_Data extract_.
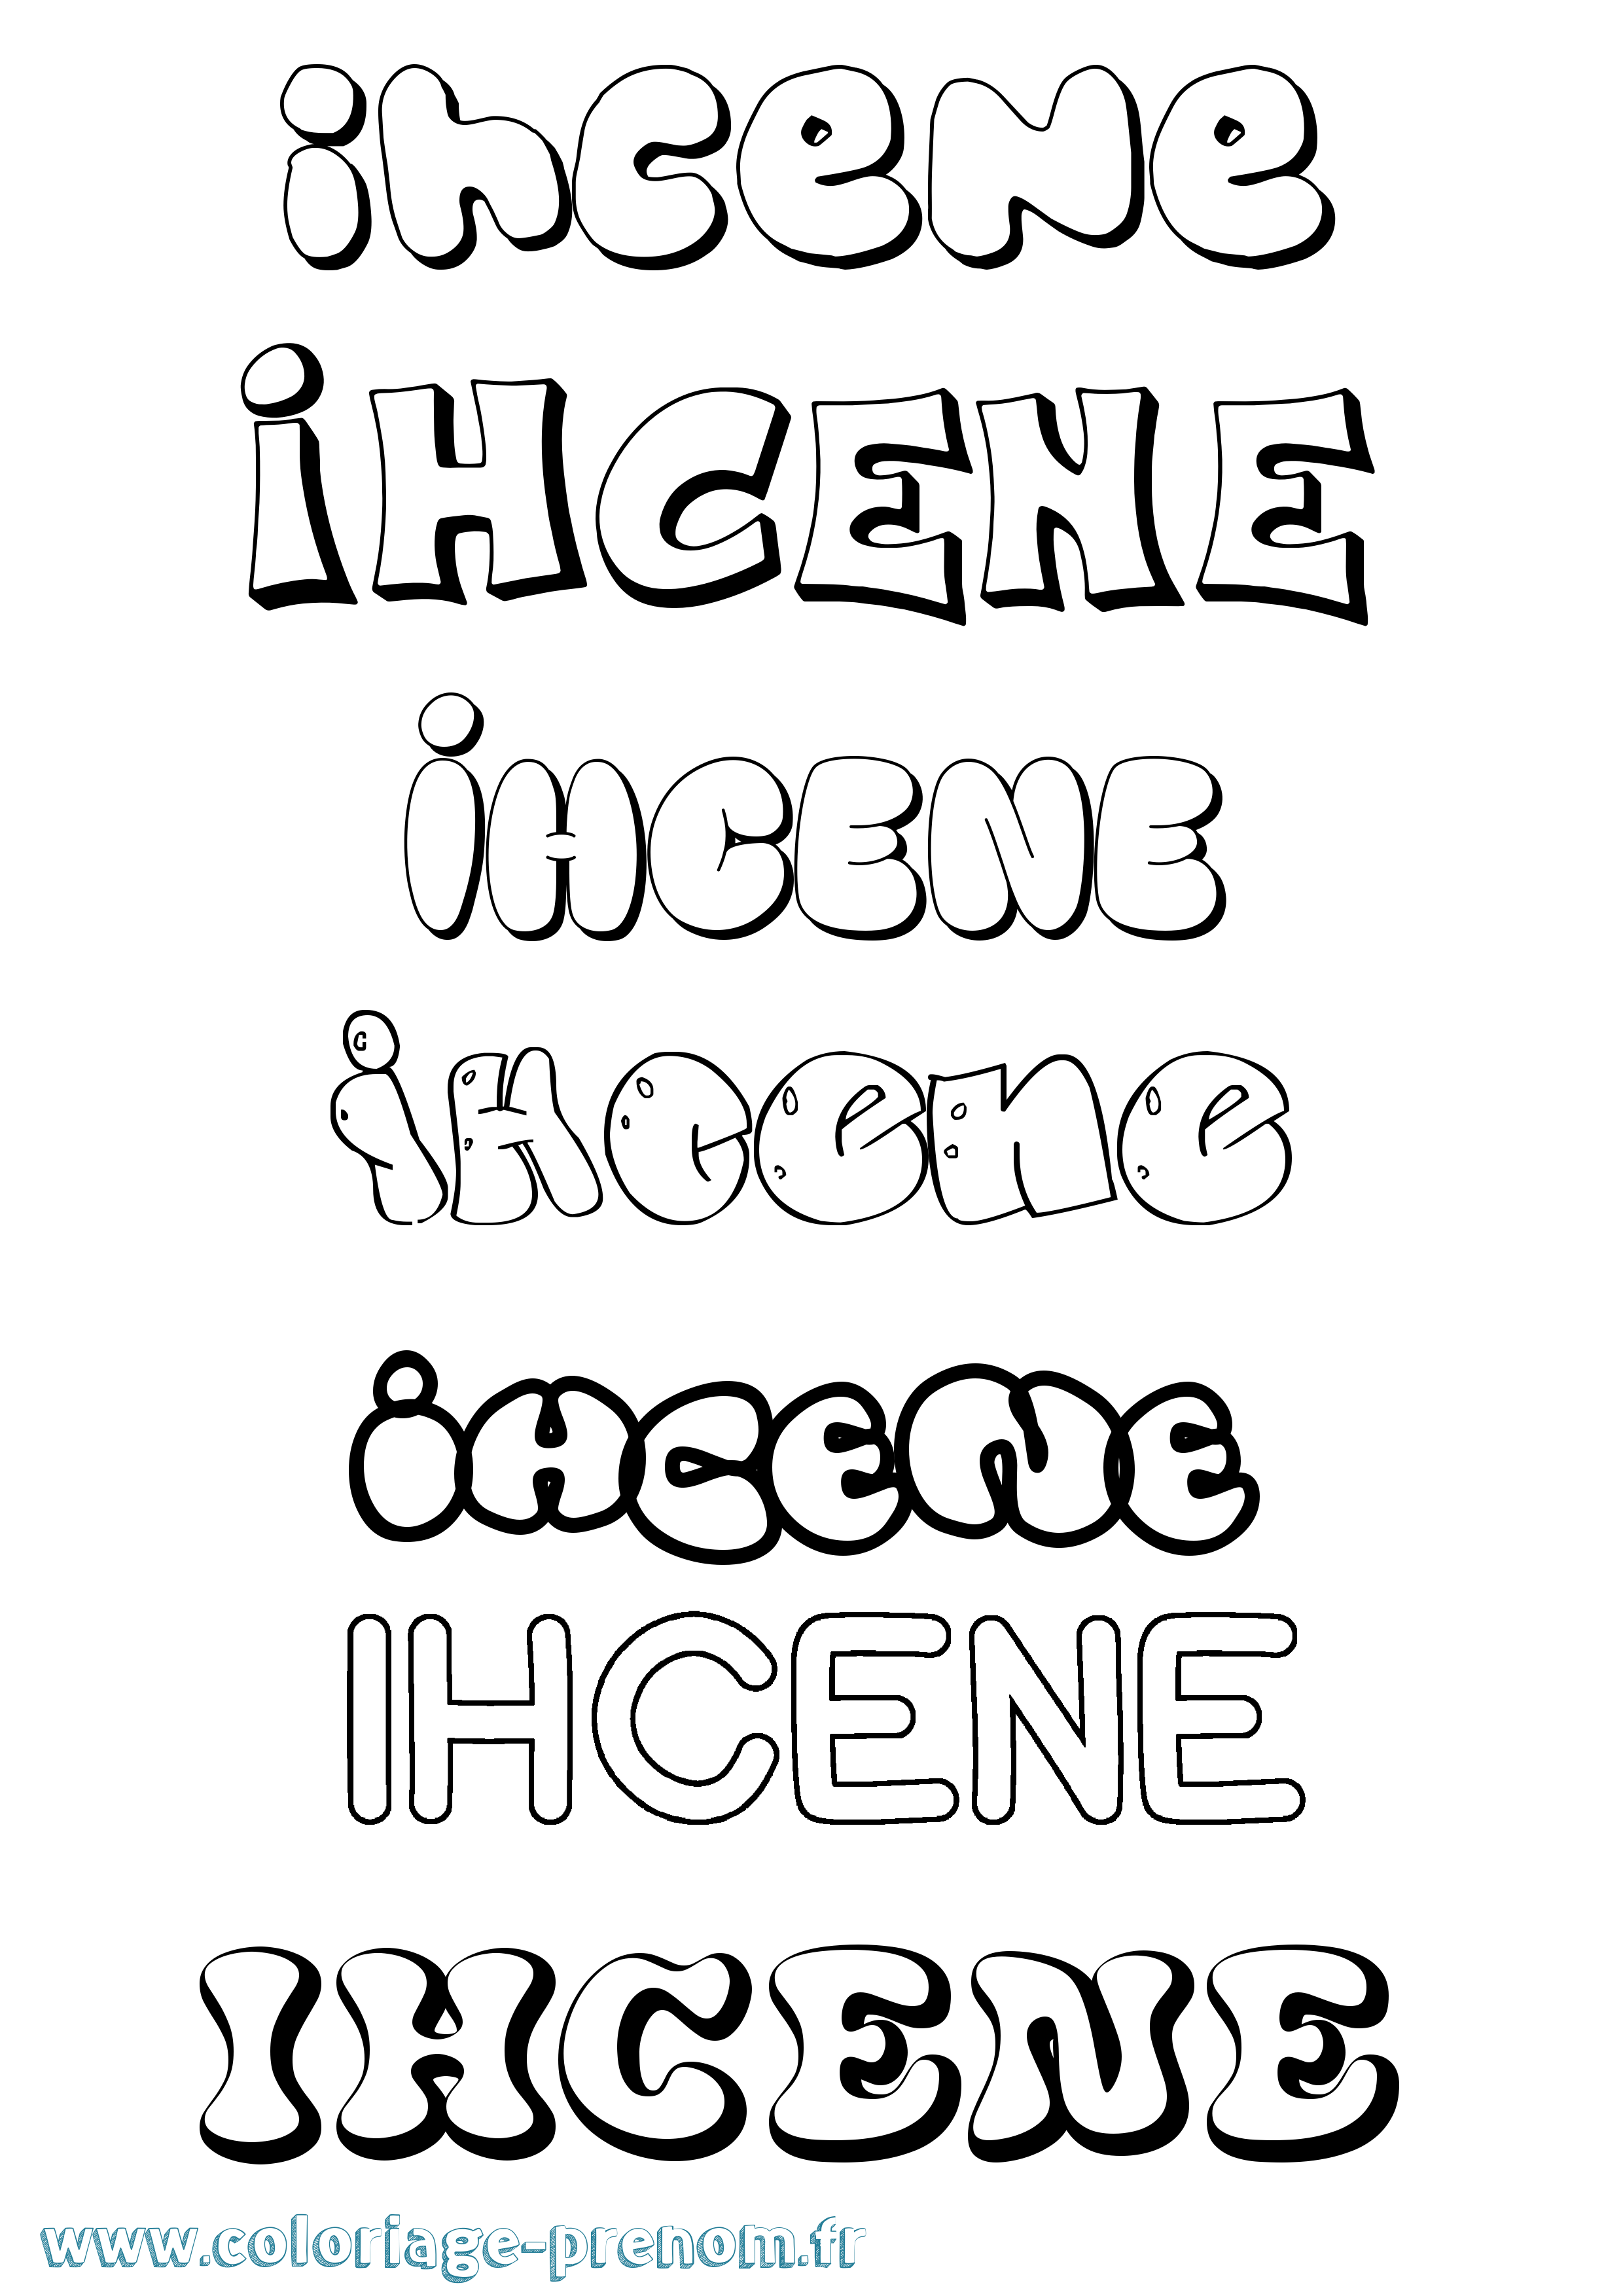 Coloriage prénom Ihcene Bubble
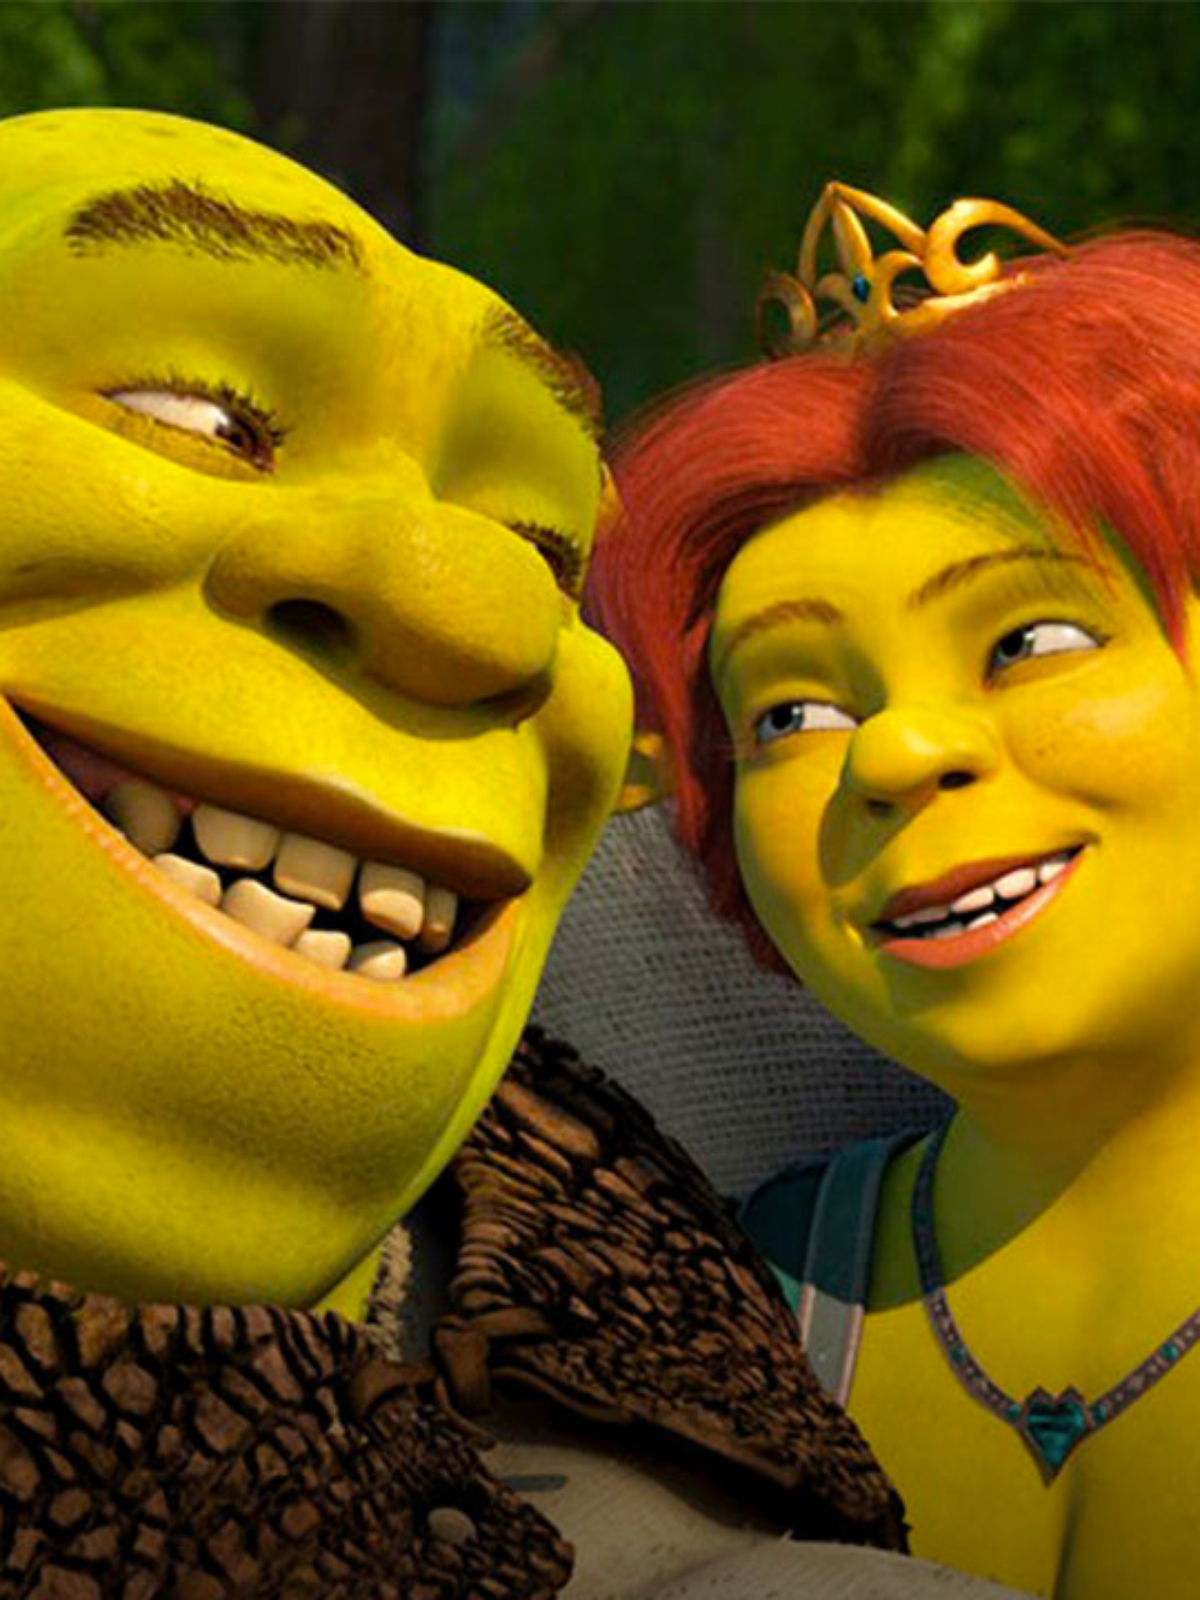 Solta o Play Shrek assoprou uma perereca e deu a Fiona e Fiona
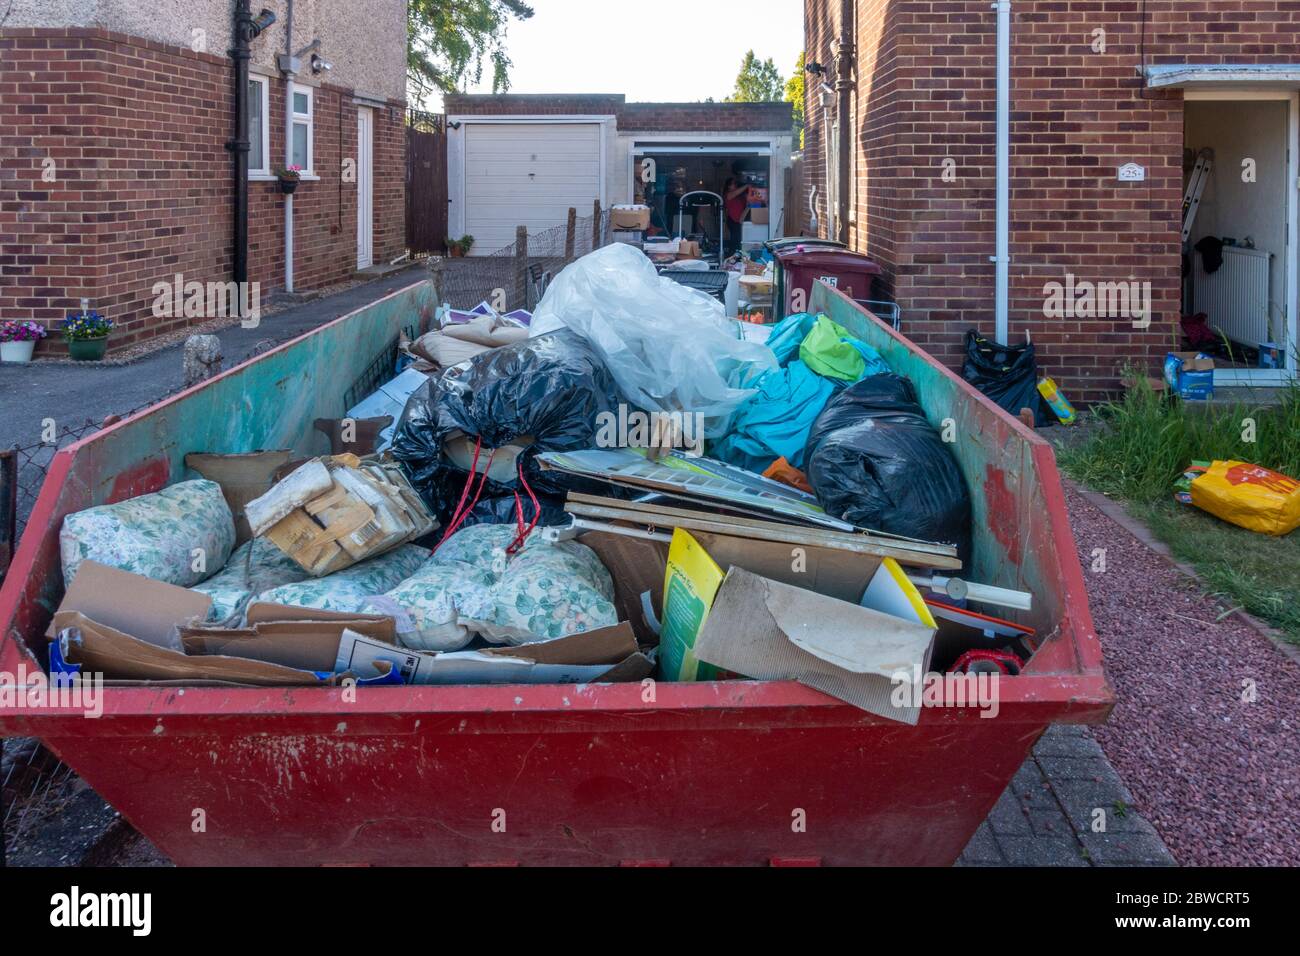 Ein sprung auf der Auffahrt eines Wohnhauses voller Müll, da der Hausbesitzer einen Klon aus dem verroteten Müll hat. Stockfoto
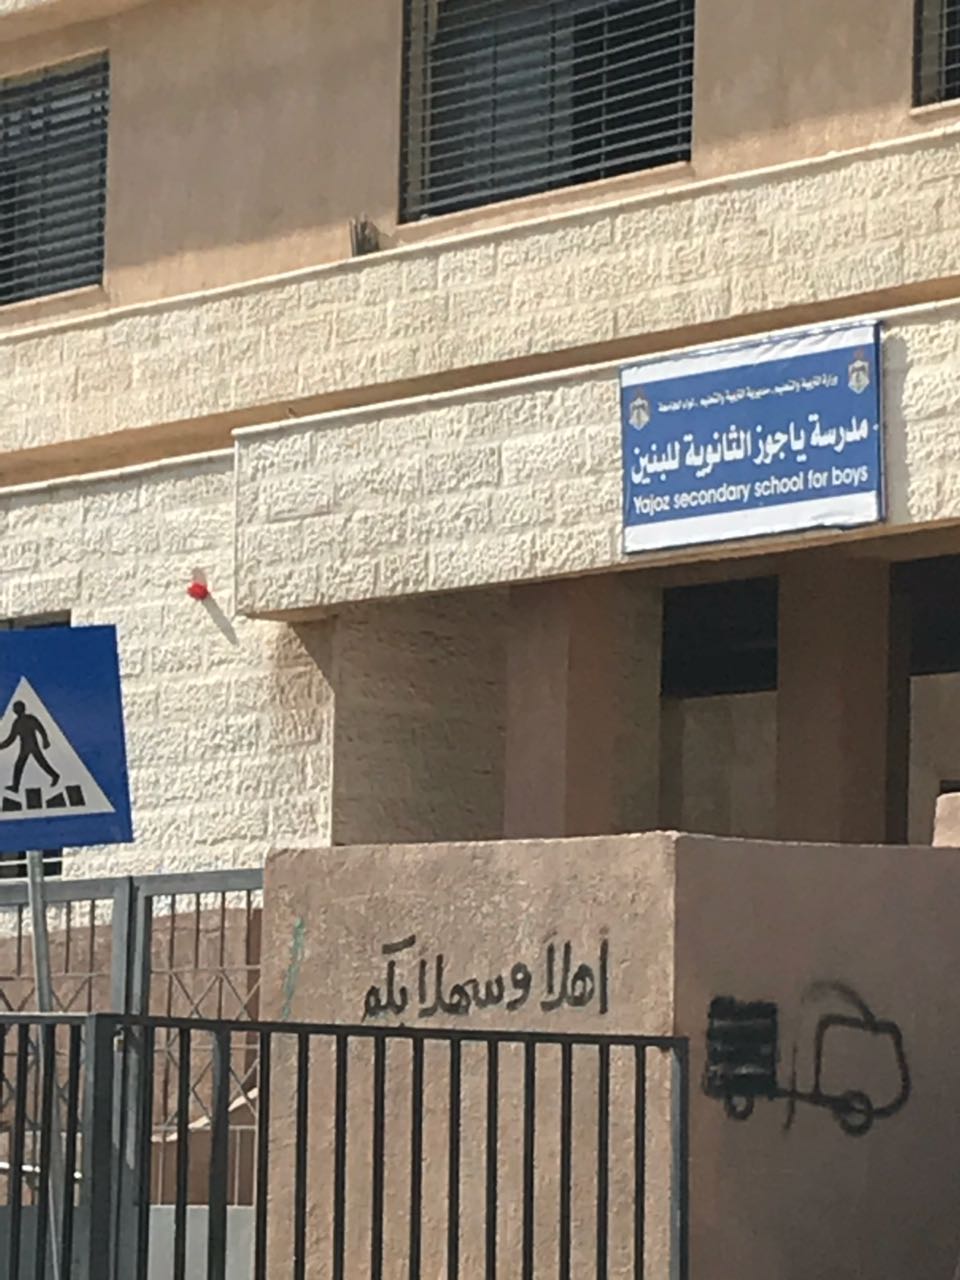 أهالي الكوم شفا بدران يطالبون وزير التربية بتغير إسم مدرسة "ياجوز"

_Problem statement_.
What is wanted is the listing, written out exactly, with each picture removed.

_Task result_.
 Coloriage prénom Ihcene Bubble
 Solta o Play Shrek assoprou uma perereca e deu a Fiona e Fiona
 Ein sprung auf der Auffahrt eines Wohnhauses voller Müll, da der Hausbesitzer einen Klon aus dem verroteten Müll hat. Stockfoto
 أهالي الكوم شفا بدران يطالبون وزير التربية بتغير إسم مدرسة "ياجوز"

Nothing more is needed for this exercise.